:: Task prompt ::
Within the lines below, the span from the line with "cherries-in-a-bowl-773021" to the line with "COLOGNE, GERMANY - JUN", both ends included, is to be reproduced exactly, with pictures omitted.
── Information provided
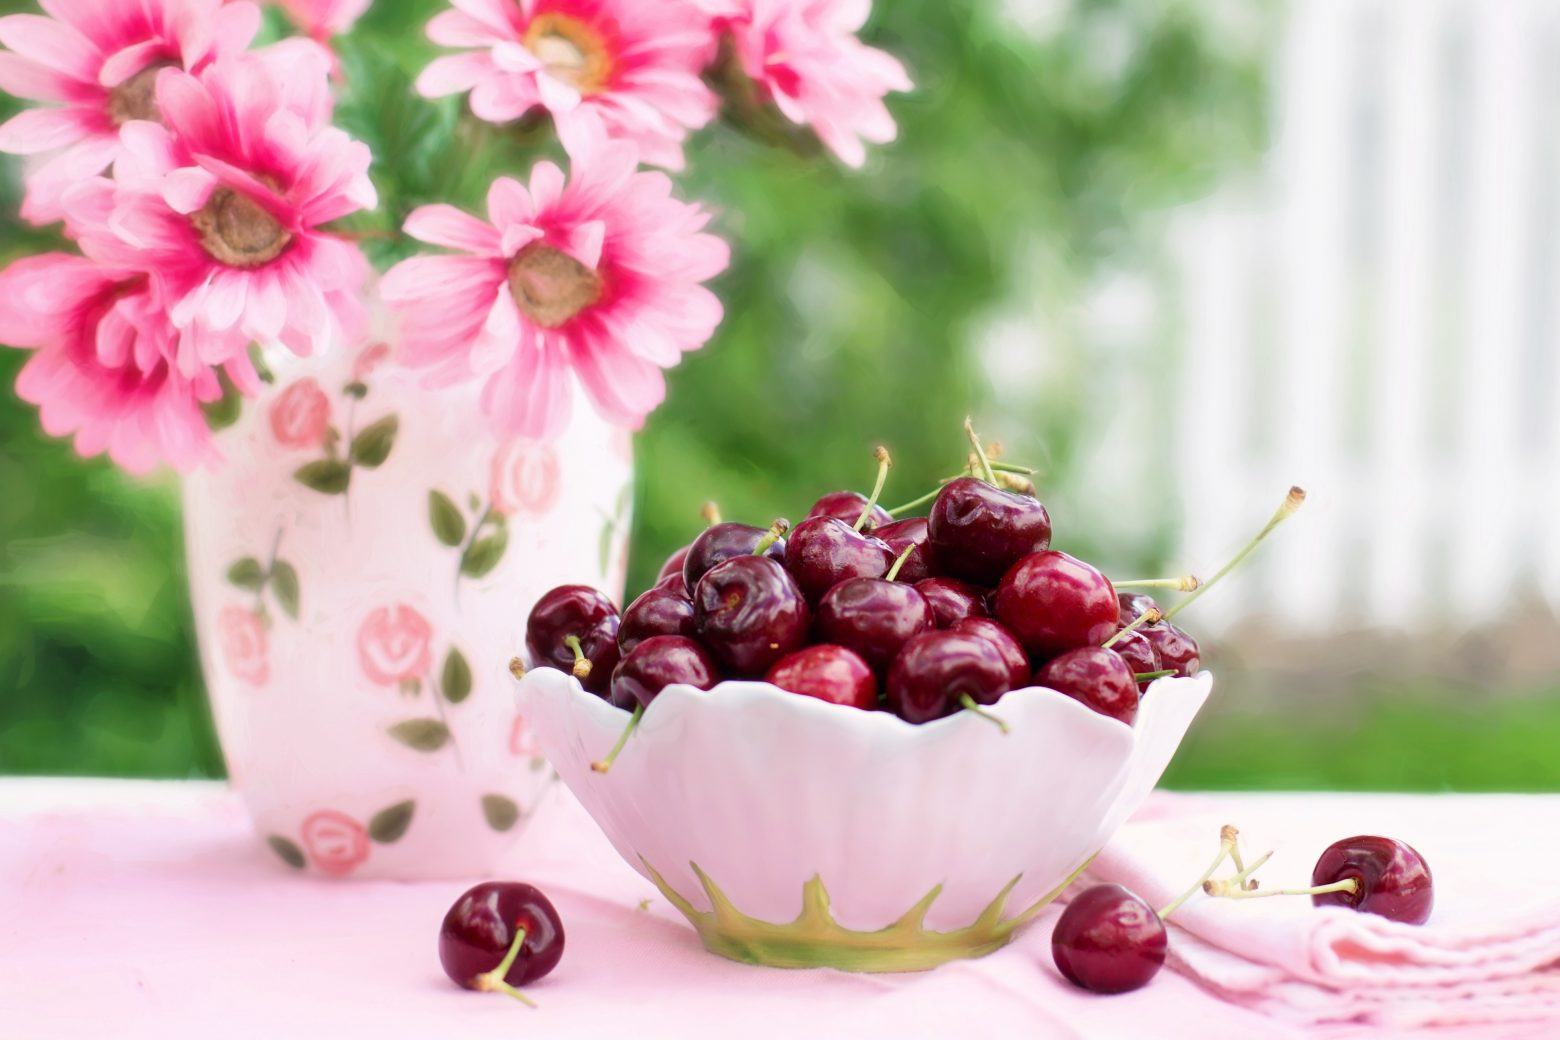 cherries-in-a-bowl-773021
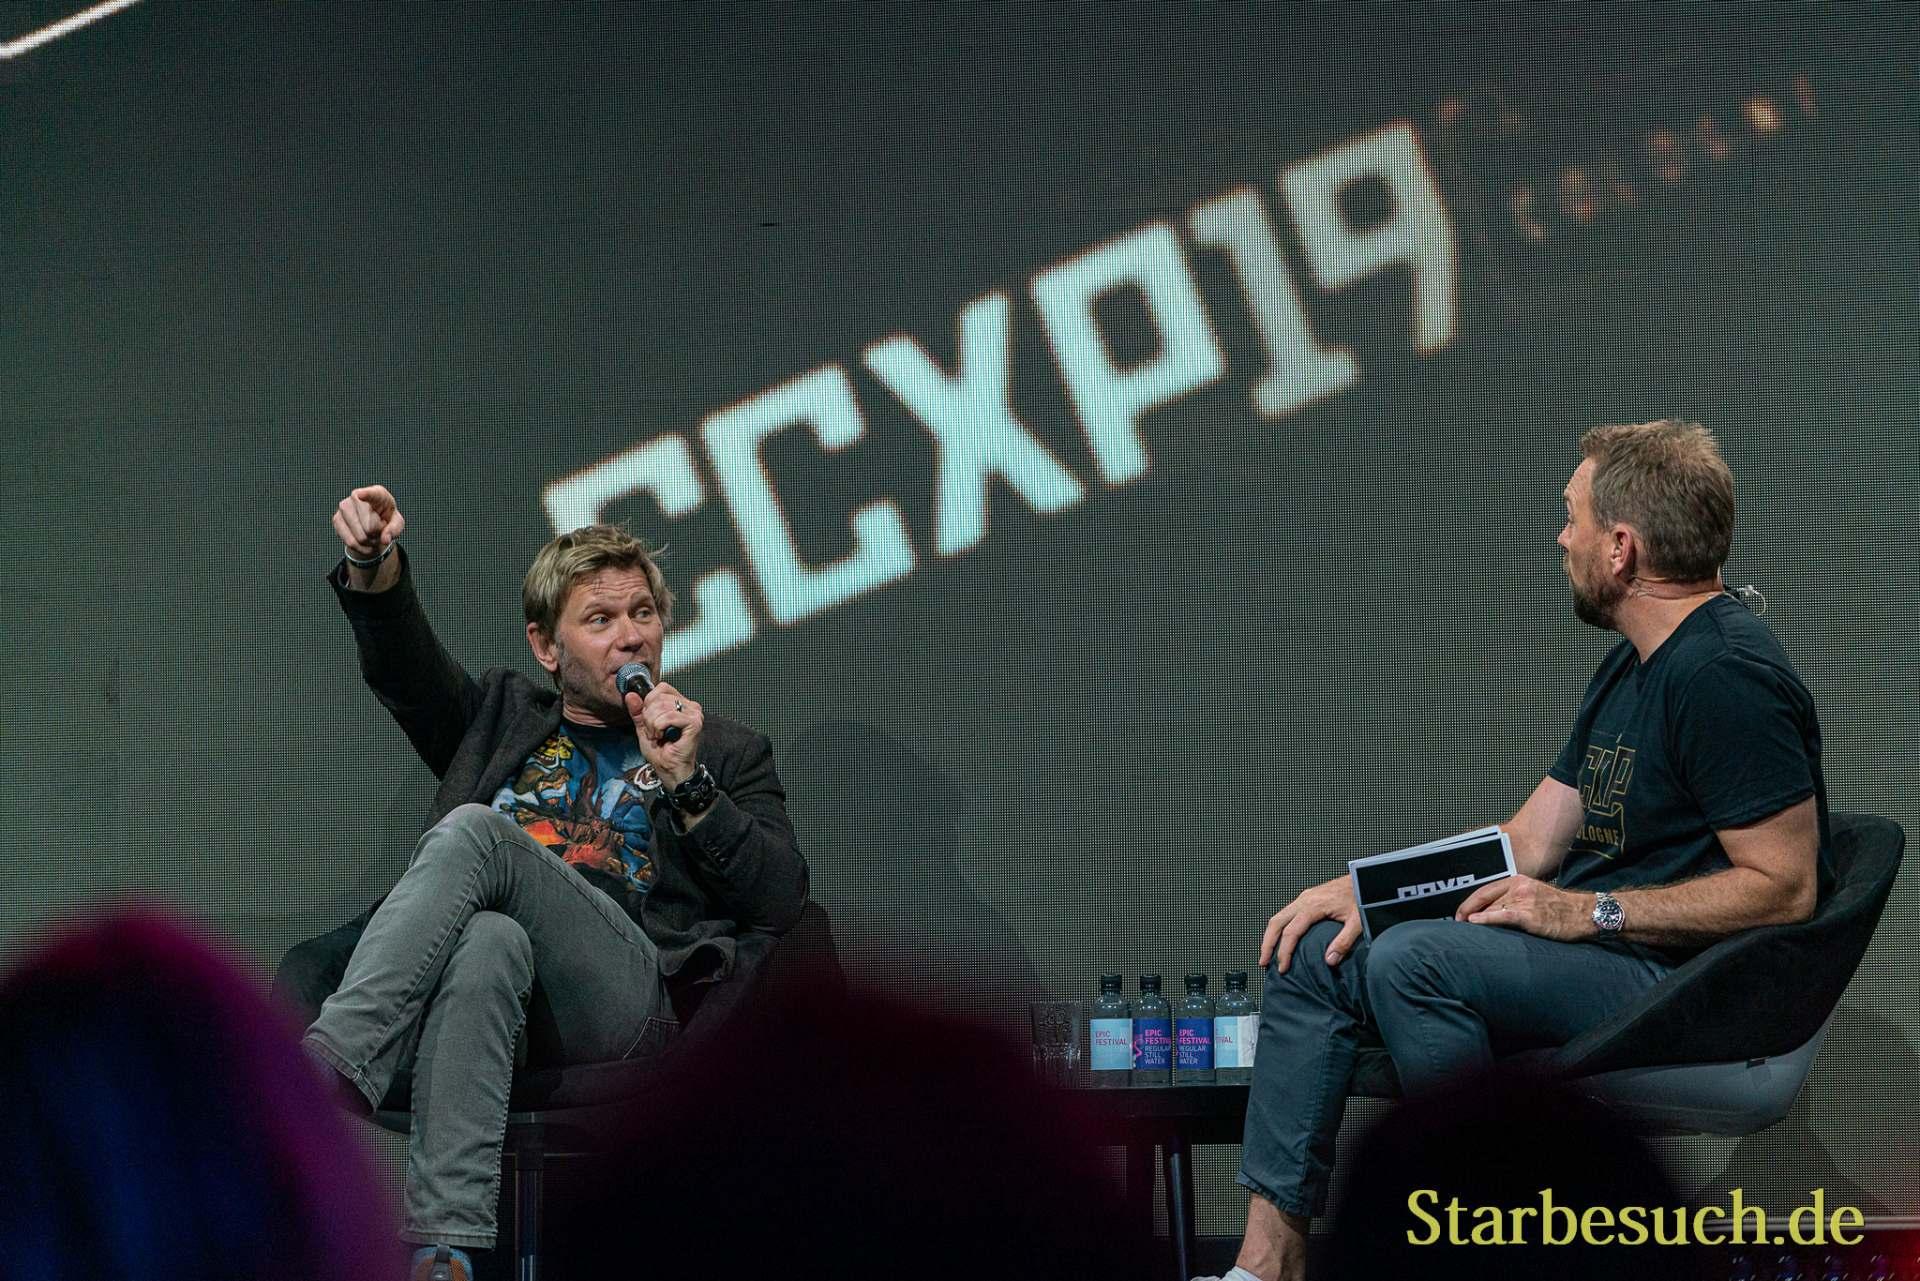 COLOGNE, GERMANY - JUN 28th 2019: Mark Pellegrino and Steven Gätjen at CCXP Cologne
────
── Information provided
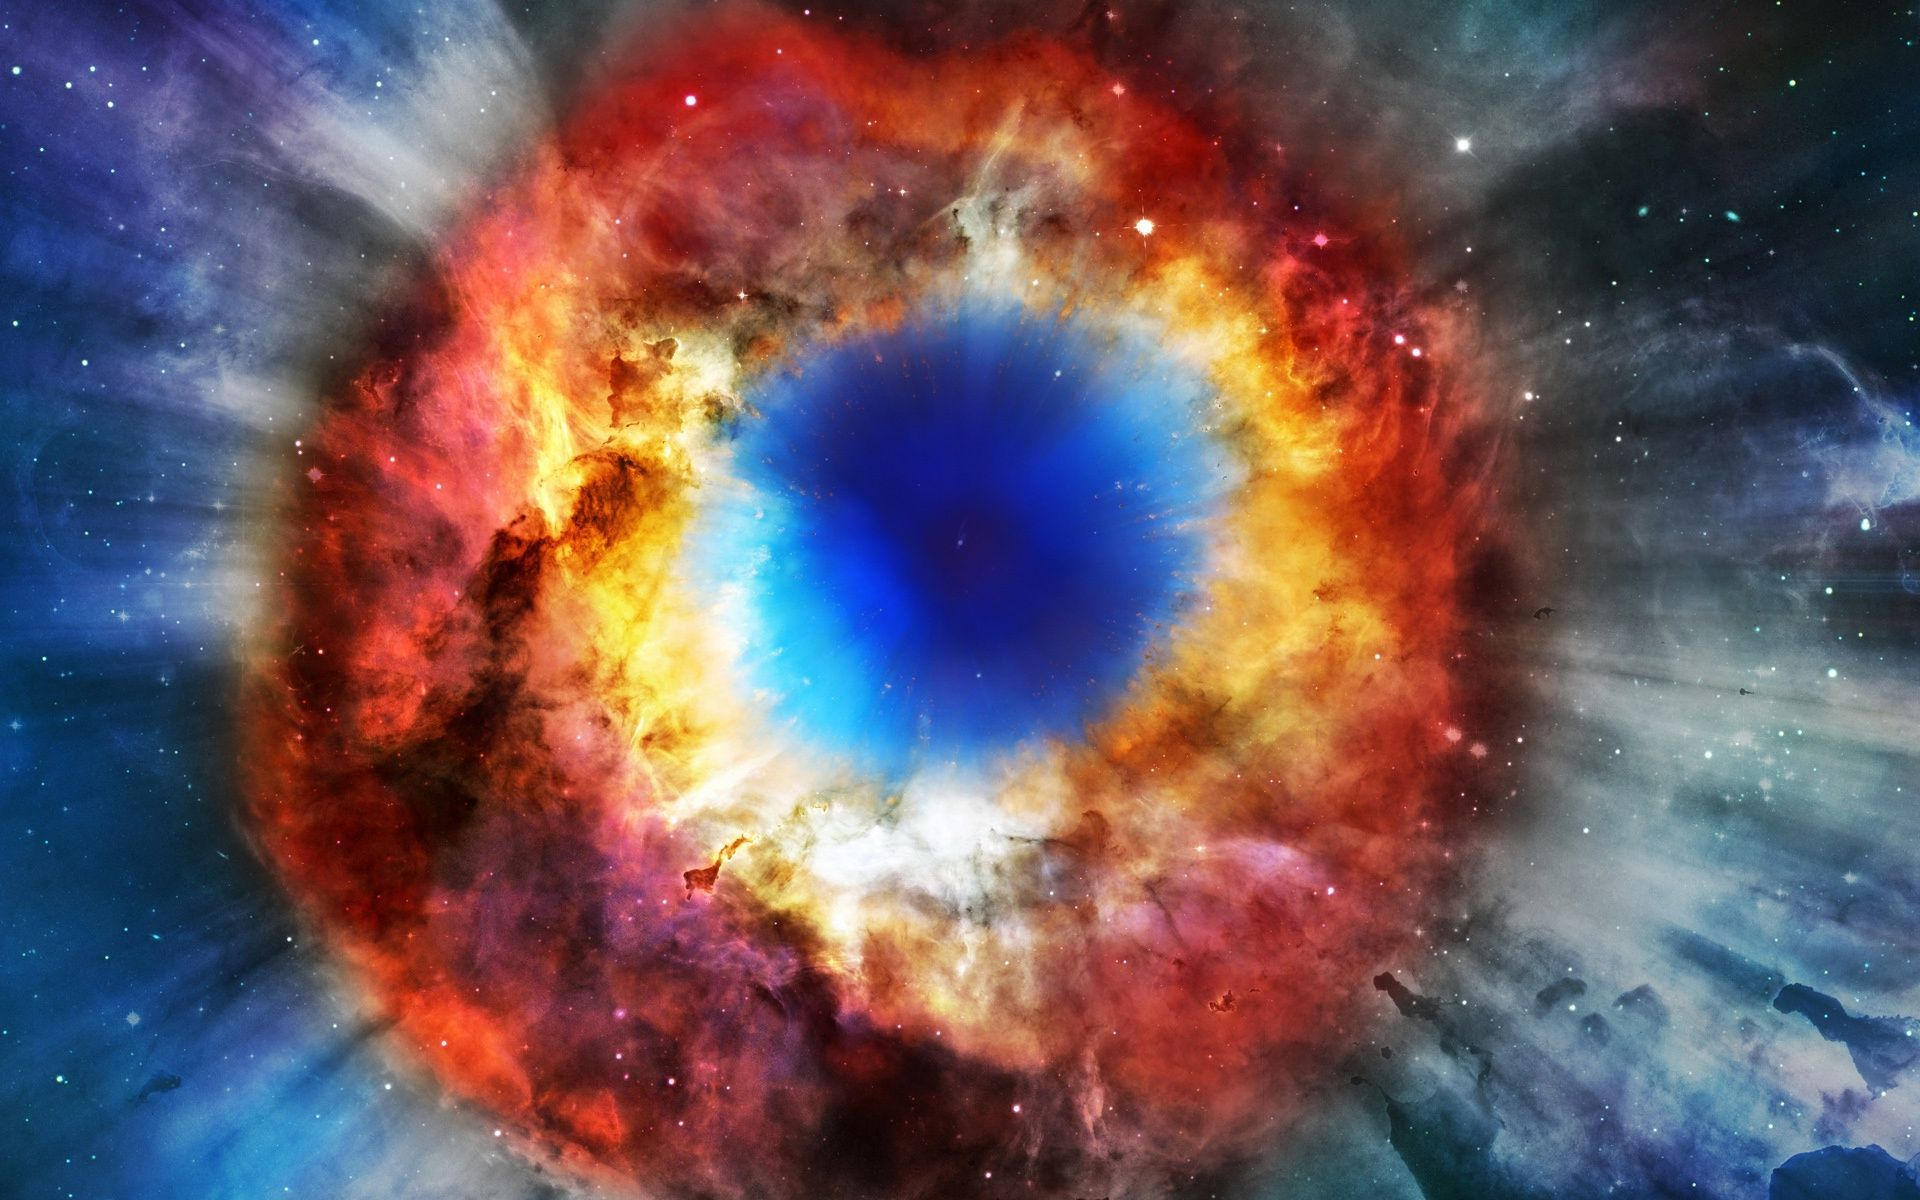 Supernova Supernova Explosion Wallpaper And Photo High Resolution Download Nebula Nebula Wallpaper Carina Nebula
────
:: Exercise solution ::
 cherries-in-a-bowl-773021
 COLOGNE, GERMANY - JUN 28th 2019: Mark Pellegrino and Steven Gätjen at CCXP Cologne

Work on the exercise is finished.